[Material for this task — start]

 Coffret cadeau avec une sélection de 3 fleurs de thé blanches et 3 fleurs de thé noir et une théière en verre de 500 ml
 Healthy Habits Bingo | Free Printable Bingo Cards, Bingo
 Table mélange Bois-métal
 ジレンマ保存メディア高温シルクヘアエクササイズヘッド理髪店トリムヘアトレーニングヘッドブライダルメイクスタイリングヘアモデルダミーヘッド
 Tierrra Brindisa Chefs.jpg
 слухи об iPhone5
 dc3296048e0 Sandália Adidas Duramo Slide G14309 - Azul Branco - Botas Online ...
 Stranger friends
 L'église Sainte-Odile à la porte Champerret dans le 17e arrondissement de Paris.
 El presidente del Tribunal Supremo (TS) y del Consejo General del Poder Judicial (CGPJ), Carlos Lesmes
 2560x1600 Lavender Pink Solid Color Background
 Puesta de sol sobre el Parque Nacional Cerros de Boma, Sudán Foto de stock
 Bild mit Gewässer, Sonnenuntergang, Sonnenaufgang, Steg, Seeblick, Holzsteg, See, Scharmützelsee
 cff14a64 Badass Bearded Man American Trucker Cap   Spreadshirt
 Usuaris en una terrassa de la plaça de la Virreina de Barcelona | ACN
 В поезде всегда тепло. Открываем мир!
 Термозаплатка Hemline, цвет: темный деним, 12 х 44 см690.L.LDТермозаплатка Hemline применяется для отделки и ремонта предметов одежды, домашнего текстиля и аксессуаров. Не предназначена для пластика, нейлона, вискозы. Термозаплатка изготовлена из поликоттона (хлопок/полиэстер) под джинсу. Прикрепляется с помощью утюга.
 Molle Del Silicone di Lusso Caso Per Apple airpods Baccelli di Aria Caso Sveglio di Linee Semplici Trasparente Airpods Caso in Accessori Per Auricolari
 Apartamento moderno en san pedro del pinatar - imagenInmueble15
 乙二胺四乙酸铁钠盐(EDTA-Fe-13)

[Material for this task — finish]

### What you should do:
Reproduce verbatim the lines above, from the line with "слухи об iPhone5" through the line with "В поезде всегда тепло. Открываем мир!".

### Problem solution:
 слухи об iPhone5
 dc3296048e0 Sandália Adidas Duramo Slide G14309 - Azul Branco - Botas Online ...
 Stranger friends
 L'église Sainte-Odile à la porte Champerret dans le 17e arrondissement de Paris.
 El presidente del Tribunal Supremo (TS) y del Consejo General del Poder Judicial (CGPJ), Carlos Lesmes
 2560x1600 Lavender Pink Solid Color Background
 Puesta de sol sobre el Parque Nacional Cerros de Boma, Sudán Foto de stock
 Bild mit Gewässer, Sonnenuntergang, Sonnenaufgang, Steg, Seeblick, Holzsteg, See, Scharmützelsee
 cff14a64 Badass Bearded Man American Trucker Cap   Spreadshirt
 Usuaris en una terrassa de la plaça de la Virreina de Barcelona | ACN
 В поезде всегда тепло. Открываем мир!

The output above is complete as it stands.